_Exercise inputs_
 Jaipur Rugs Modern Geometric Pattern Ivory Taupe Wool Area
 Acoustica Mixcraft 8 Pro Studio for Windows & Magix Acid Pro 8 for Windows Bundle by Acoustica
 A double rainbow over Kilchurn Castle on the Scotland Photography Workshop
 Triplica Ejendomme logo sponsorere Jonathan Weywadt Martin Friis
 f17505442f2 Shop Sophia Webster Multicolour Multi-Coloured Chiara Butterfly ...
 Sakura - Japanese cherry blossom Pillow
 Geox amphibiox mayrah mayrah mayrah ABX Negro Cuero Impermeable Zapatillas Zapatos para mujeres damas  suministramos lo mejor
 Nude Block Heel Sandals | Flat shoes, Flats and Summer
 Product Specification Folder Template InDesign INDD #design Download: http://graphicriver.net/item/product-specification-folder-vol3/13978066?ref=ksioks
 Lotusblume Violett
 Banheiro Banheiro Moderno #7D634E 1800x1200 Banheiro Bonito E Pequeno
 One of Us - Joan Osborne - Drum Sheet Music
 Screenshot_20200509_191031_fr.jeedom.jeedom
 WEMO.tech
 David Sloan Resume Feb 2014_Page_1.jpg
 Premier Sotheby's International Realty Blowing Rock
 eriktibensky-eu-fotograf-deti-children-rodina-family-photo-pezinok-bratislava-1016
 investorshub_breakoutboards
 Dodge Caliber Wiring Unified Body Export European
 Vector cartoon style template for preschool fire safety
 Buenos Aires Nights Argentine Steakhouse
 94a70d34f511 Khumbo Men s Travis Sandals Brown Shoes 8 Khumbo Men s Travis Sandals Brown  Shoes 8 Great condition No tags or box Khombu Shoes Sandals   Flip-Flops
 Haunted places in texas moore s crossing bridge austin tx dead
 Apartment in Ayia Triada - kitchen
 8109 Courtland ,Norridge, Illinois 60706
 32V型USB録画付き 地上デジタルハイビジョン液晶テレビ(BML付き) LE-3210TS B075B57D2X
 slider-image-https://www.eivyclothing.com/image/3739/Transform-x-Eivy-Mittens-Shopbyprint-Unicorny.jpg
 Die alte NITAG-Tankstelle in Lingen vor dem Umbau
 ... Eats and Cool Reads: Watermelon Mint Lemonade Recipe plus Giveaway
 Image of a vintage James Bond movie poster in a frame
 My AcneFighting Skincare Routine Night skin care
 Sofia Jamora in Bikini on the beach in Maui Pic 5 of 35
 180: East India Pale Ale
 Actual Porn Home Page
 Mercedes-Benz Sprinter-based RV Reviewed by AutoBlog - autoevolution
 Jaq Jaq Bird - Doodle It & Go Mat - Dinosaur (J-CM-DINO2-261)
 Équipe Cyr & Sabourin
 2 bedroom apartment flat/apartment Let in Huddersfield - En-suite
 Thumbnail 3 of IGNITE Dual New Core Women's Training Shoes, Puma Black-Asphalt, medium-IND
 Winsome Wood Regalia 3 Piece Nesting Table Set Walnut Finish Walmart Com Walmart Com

_Problem to solve_
If a line falls between the first line of the entries and the line containing "Banheiro Banheiro Moderno", or is one of those two, restate it word for word; leave all other lines out.

_Exercise response_
 Jaipur Rugs Modern Geometric Pattern Ivory Taupe Wool Area
 Acoustica Mixcraft 8 Pro Studio for Windows & Magix Acid Pro 8 for Windows Bundle by Acoustica
 A double rainbow over Kilchurn Castle on the Scotland Photography Workshop
 Triplica Ejendomme logo sponsorere Jonathan Weywadt Martin Friis
 f17505442f2 Shop Sophia Webster Multicolour Multi-Coloured Chiara Butterfly ...
 Sakura - Japanese cherry blossom Pillow
 Geox amphibiox mayrah mayrah mayrah ABX Negro Cuero Impermeable Zapatillas Zapatos para mujeres damas  suministramos lo mejor
 Nude Block Heel Sandals | Flat shoes, Flats and Summer
 Product Specification Folder Template InDesign INDD #design Download: http://graphicriver.net/item/product-specification-folder-vol3/13978066?ref=ksioks
 Lotusblume Violett
 Banheiro Banheiro Moderno #7D634E 1800x1200 Banheiro Bonito E Pequeno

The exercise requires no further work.